It’s about 8:30 at night you are just finishing up the dishes after dinner. You receive three missed calls from one of your employees. Something must be wrong for her to call that often, this late at night. You ring back and discover that all of the company files are being held to ransom. Not just your team member’s- everyone. Your heart starts to hammer through your chest and the acid and starts to slush in your guts. You cannot access any of your databases or documents unless you pay a ridiculous amount of money. This is a disaster. You have become the victim of CryptoLocker Ransomware.
This infamous family of ransomware is a very successful business model. So successful that in 2016 the FBI reported that up to 24 M was paid in ransom and that is just the amount that got reported.
Be aware that CryptoLocker ransomware loves networks and can wreak havoc on not just desktop’s but your whole network by encrypting their contents in just a matter of seconds. Gone are the days of low-level surveillance as the virus sits silently watching before an attack. Now, CryptoLocker does a smash and grab. A damn effective one.
How CryptoLocker gets its fangs into your systems.
- Cleverly crafted emails get sent systematically to your teams’ email accounts. They will contain a file that needs to be downloaded and may be password protected. Often, they appear to be from a freight company or similar style of business.
- Some malware takes advantage of bugs in programs such as Microsoft Office or browser extensions like Flash and Java.
- Popular now is “Malvertising” where malware is embedded into advertisements and gets downloaded when an ad is clicked on.
The best way to deal with CryptoLocker is to create a complete line of defence that works on many levels and remove its speed advantage by adopting a defensive strategy that will stop them in their tracks.
13 ways create strong line of defence against CryptoLocker Ransomware
- Use an intelligent firewall that identifies traffic types and assesses whether the traffic on your network is legitimate or has identified ‘tells’ indicating suspicious activity.
- Create a directory of safe or whitelisted programs and apps that are permitted. Set up the systems so that programs outside these can’t be downloaded without and administrator checking them out first.
- Use additional or redundant servers to segment access to critical data. Again, reducing your vulnerability by building mini fortresses around key data and documents.

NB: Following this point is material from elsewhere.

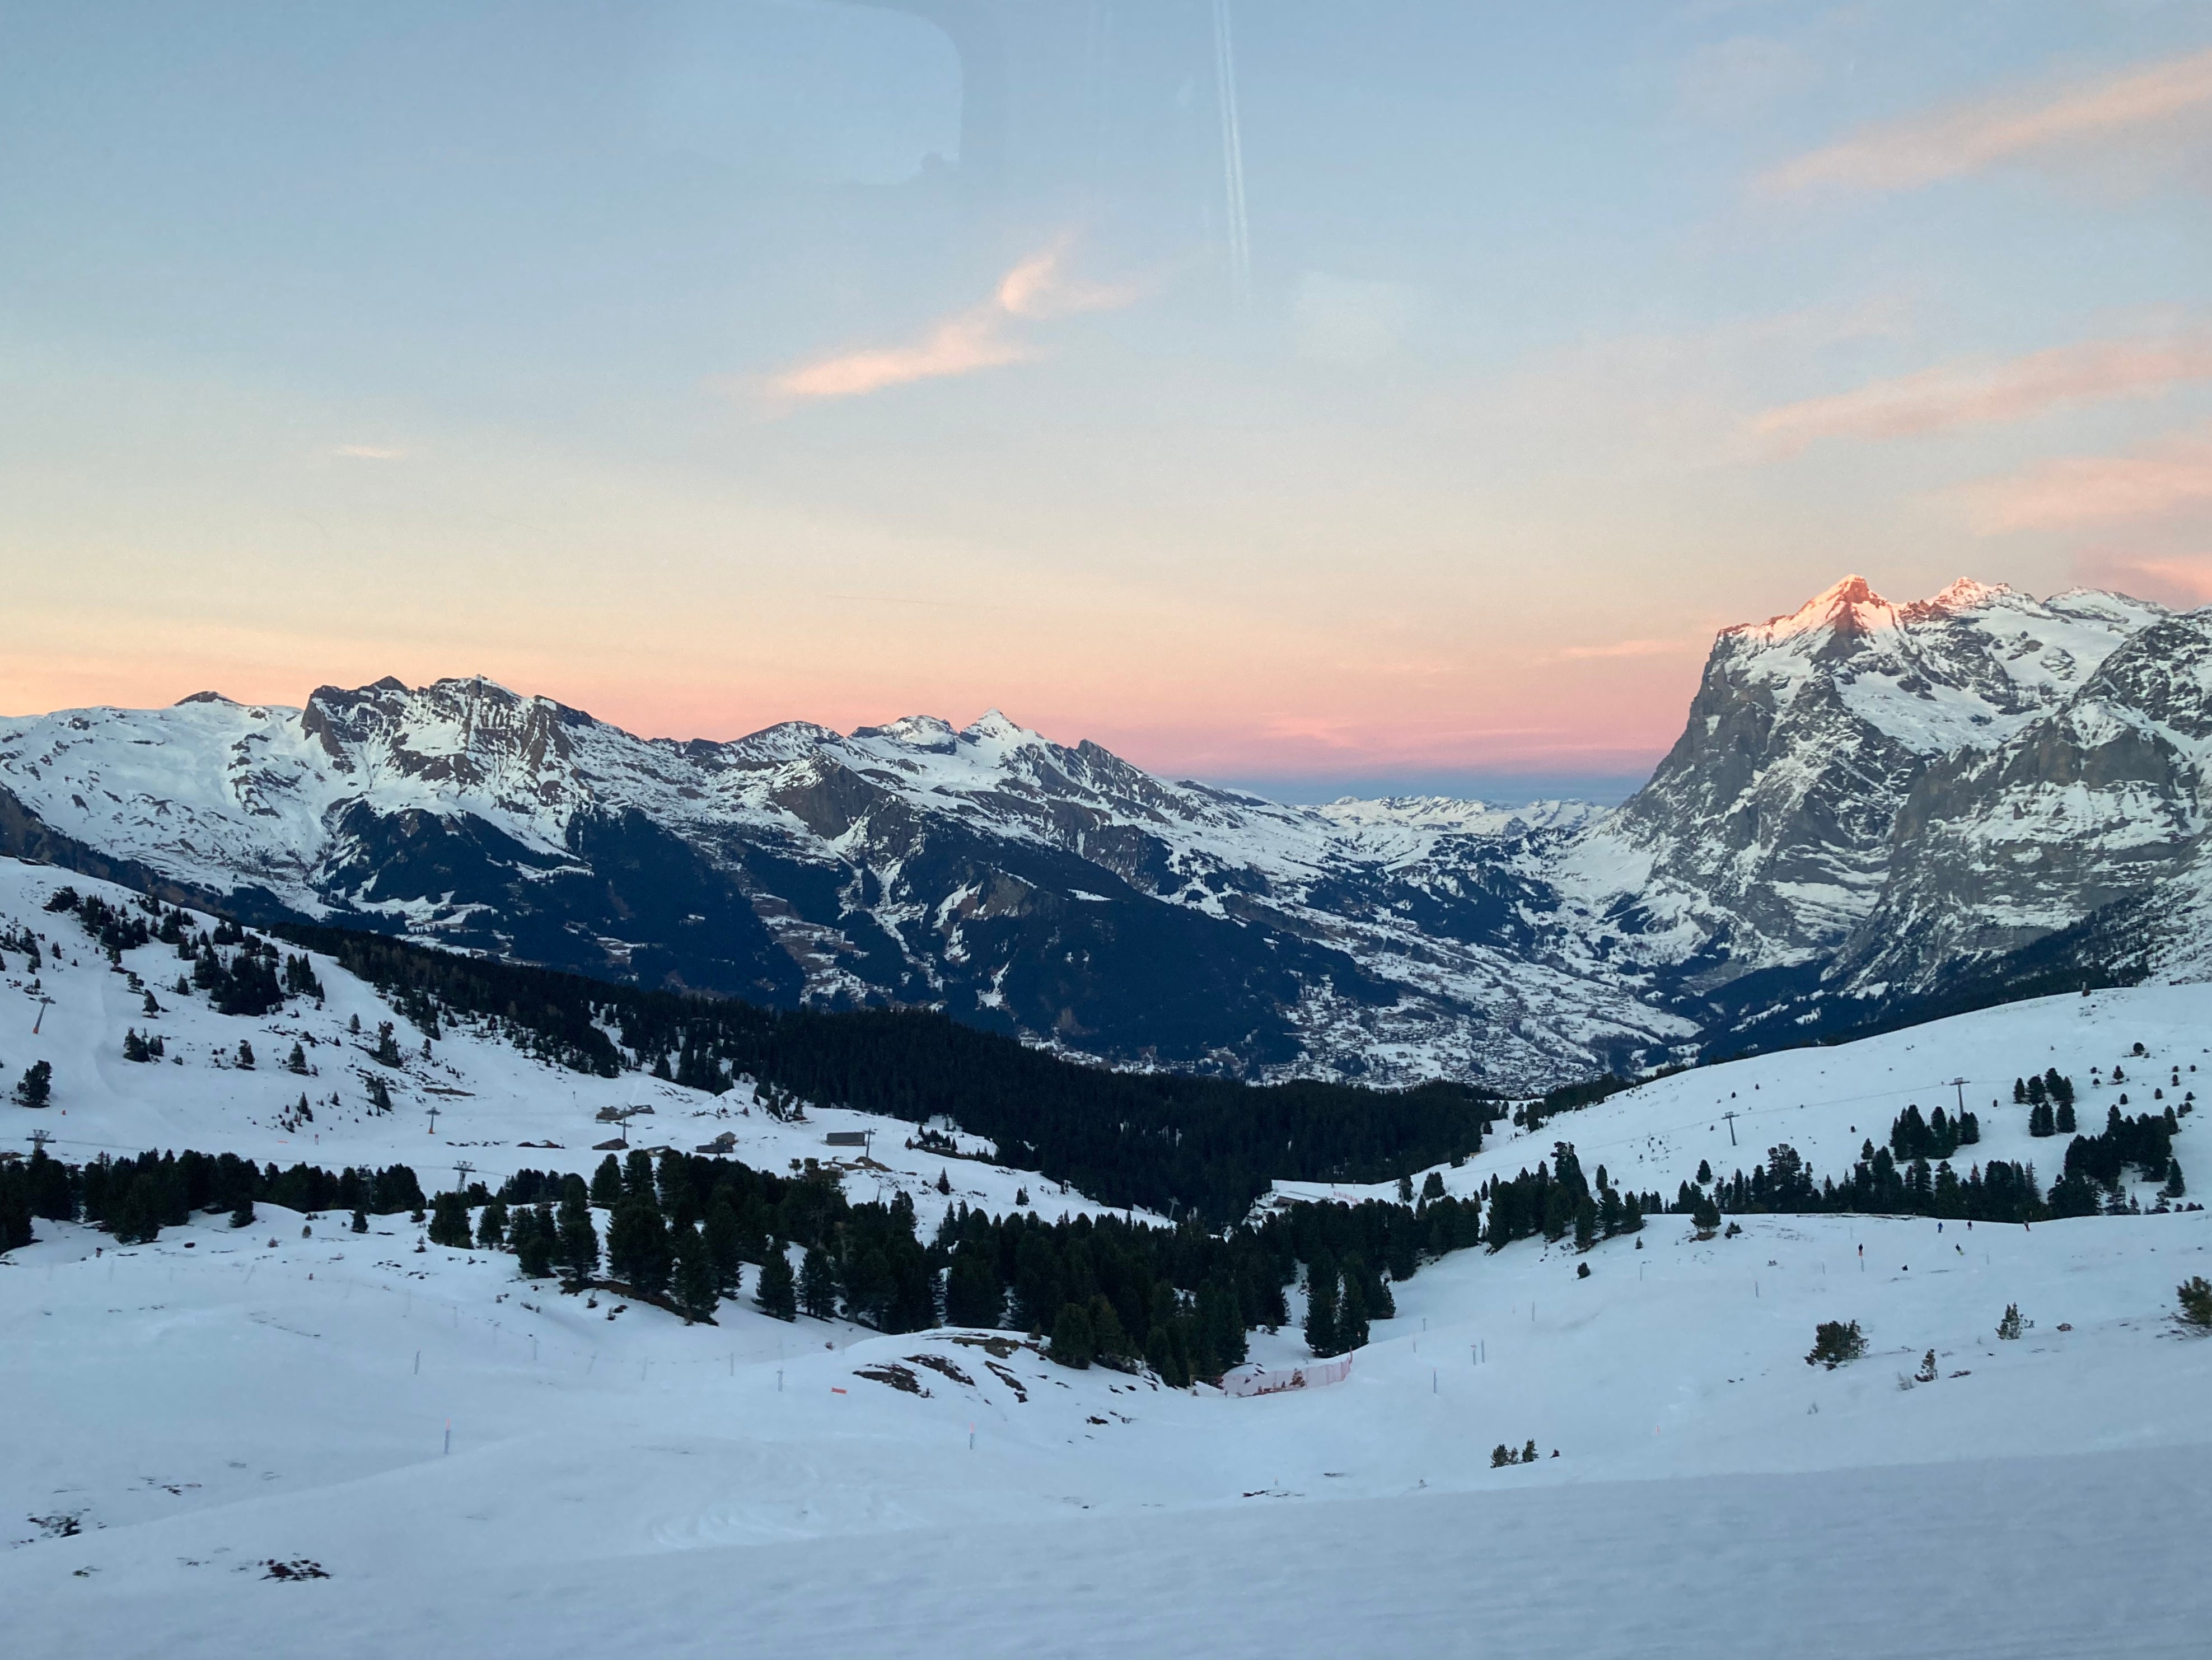 Gondola with a view: The pristine peaks of the Jungfrau Region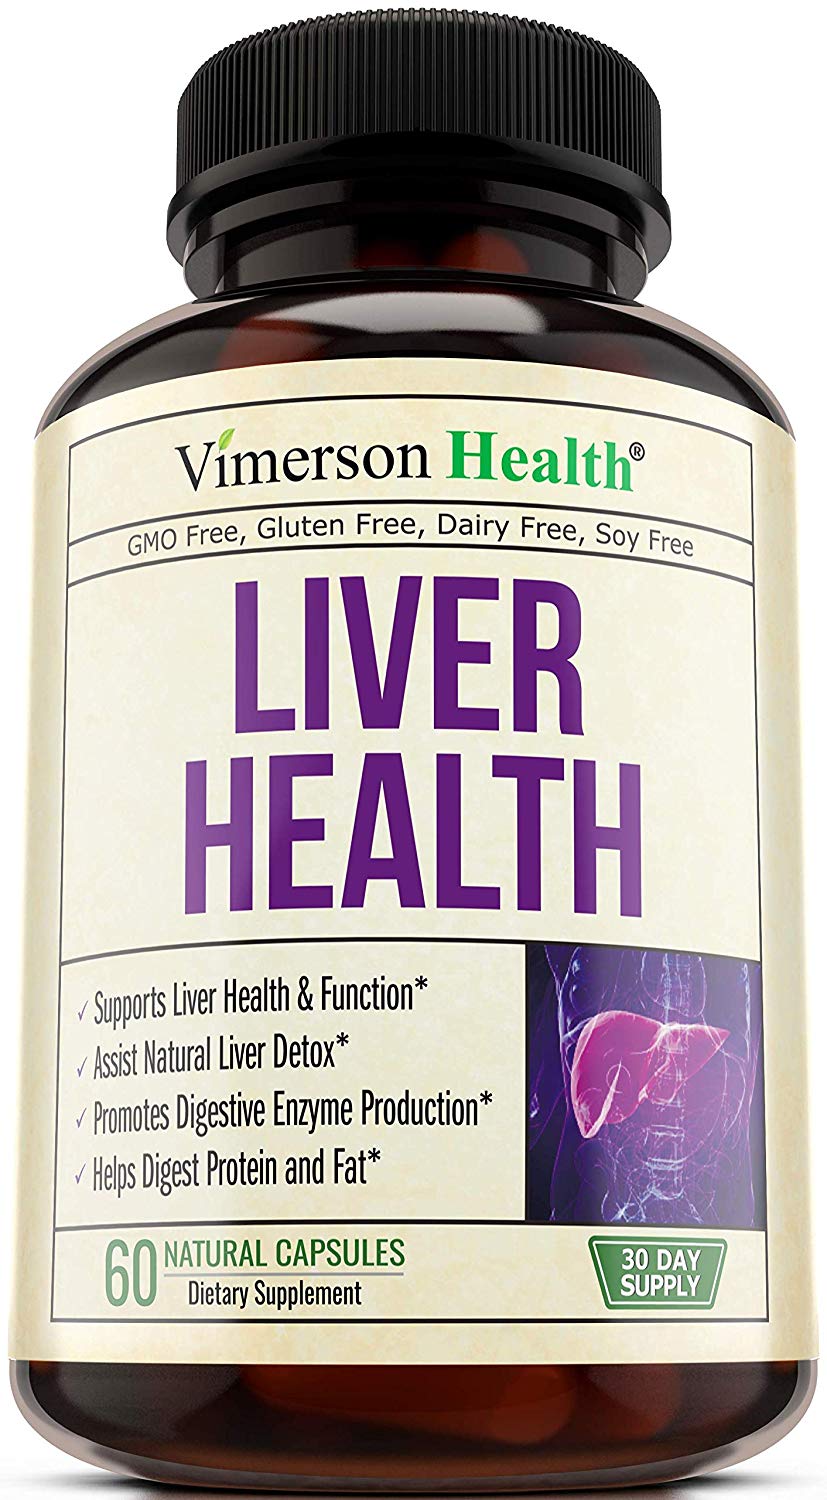 Review of Liver Health Detox Support Supplement. Natural Herbal Blend by Vimerson Health

- Train your staff. Educate them on how to identify suspicious files and do things like right click on their mouse to scan attachments. Then send staff simulated “phishing” attacks to test them. It will become a bit of competition and it will really help to entrench what to look for.
- Data backup daily is vital. It’s a basic. Here’s how you do it successfully. Your data must be stored in a separate physical place of storage or in the cloud. Whichever method you use, ensure that it is offline and not directly connected to your desktops or networked laptops. Only connect your machines while backing up and then disconnect. Make sure that back up is encrypted.
- Ensure Microsoft Windows default settings for extensions are disabled. You want to be able to see the type of extension so that you can determine whether it’s safe to open or not. ZIP files or .exe files are usually not.
- Use Microsoft office viewers. Viewers let you see what a document looks like without macros. You can set up your systems so that this is the default when opening documents.
- Again a no brainer, but worth the reminder, update all your apps regularly. Setting the default to automatic updates ensures that any malware taking advantage of bugs in your operating systems cannot get through.
- Goes without saying, when downloading an email never enable macros.
- Use an anti-spam system for your email that will block any .exe files (including .ZIP files). Don’t just rely on the presumption that your email account has one.
- Use ad blockers to avoid malvertising.
- Finally, there is no point in having operating systems and security system software, unless it is regularly updated. The best way to do this is by setting your systems to auto-update.
Keeping your business safe from the likes of CryptoLocker Ransomware is not just about having antivirus programs on your operating systems. Take the above precautions and your business will be able to continue to enjoy the success you now do. Establish a strong first line of defence in place and you’ll be well ahead of the pack.